X. Liu, R. Seiilova-Olson, A. Shamei, H. Sinan
Tenvos Inc.,
United States
Keywords: voice biomarkers, large acoustic models, impairment detection, occupational safety
Summary:
Human speech is a complex system that involves synthesis and synergy between specific brain areas, vocal cords, audio-sensory processing, and knowledge of a language. The effect of intoxication and hazardous fatigue on motor function is a well known phenomenon. Speech production - a fine motor skill that involves over 100 vocal articulator muscles is affected by the speaker's state as well. For instance, production of sounds such as “b”, “d”, “g” has been found to change as a result of reduced sleep, mispronouncing “s” as “sh” has been observed under alcohol intoxication. In addition to affecting the specific phoneme production, higher level speech characteristics such as speech rate and pause duration are affected by the speaker state as well. While classifying voice samples into various states have been extensively studied by leveraging explainable features and classical machine learning approaches, exploring large acoustic models (LAMs) has been done in a limited manner.

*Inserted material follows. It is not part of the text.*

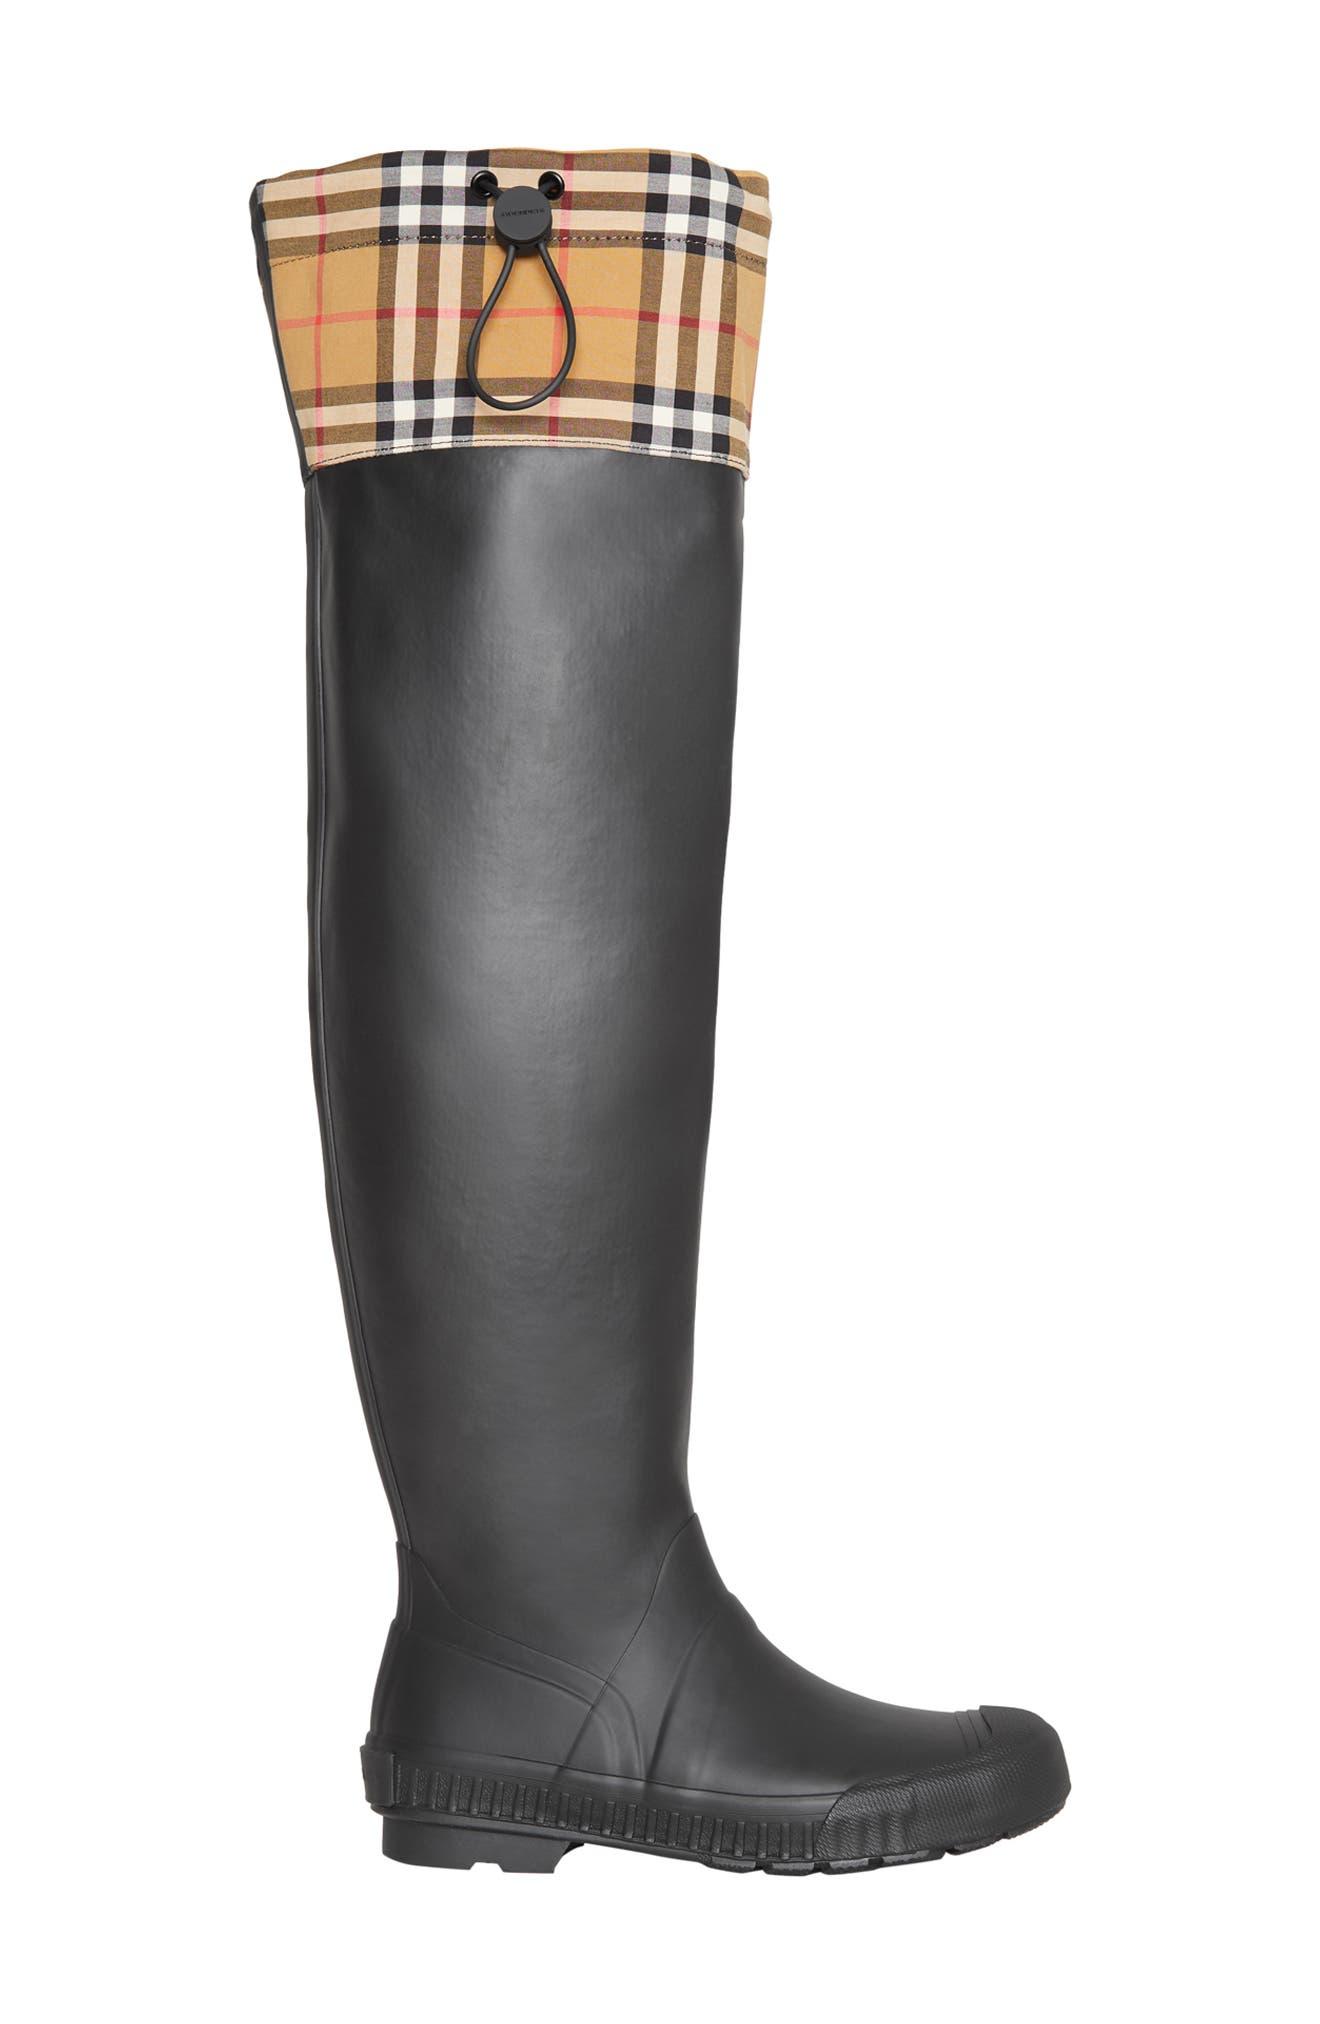 BURBERRY,                             Freddie Tall Waterproof Rain Boot,                             Alternate thumbnail 2, color,                             BLACK

While less transparent, LAMs outperform classical ML models in most cases. In this paper we dive under the hood and analyze the embeddings to glean insights into what exactly is encoded in the 1024-dimensional vectors in the context of alcohol intoxication. We use Alcohol Language Corpus (ALC) and Wav2Vec2.0 self-supervised learning model for our experiments. According to the Bureau of Labor Statistics 38% of worker’s compensation claims are due to substance use. The National Safety Council estimates that 13% of workplace injuries can be attributed to fatigue. Voice-based brief, non-invasive and affordable impairment screening solutions that can be used before every shift can significantly improve safety by ensuring fitness for duty for safety-sensitive workers.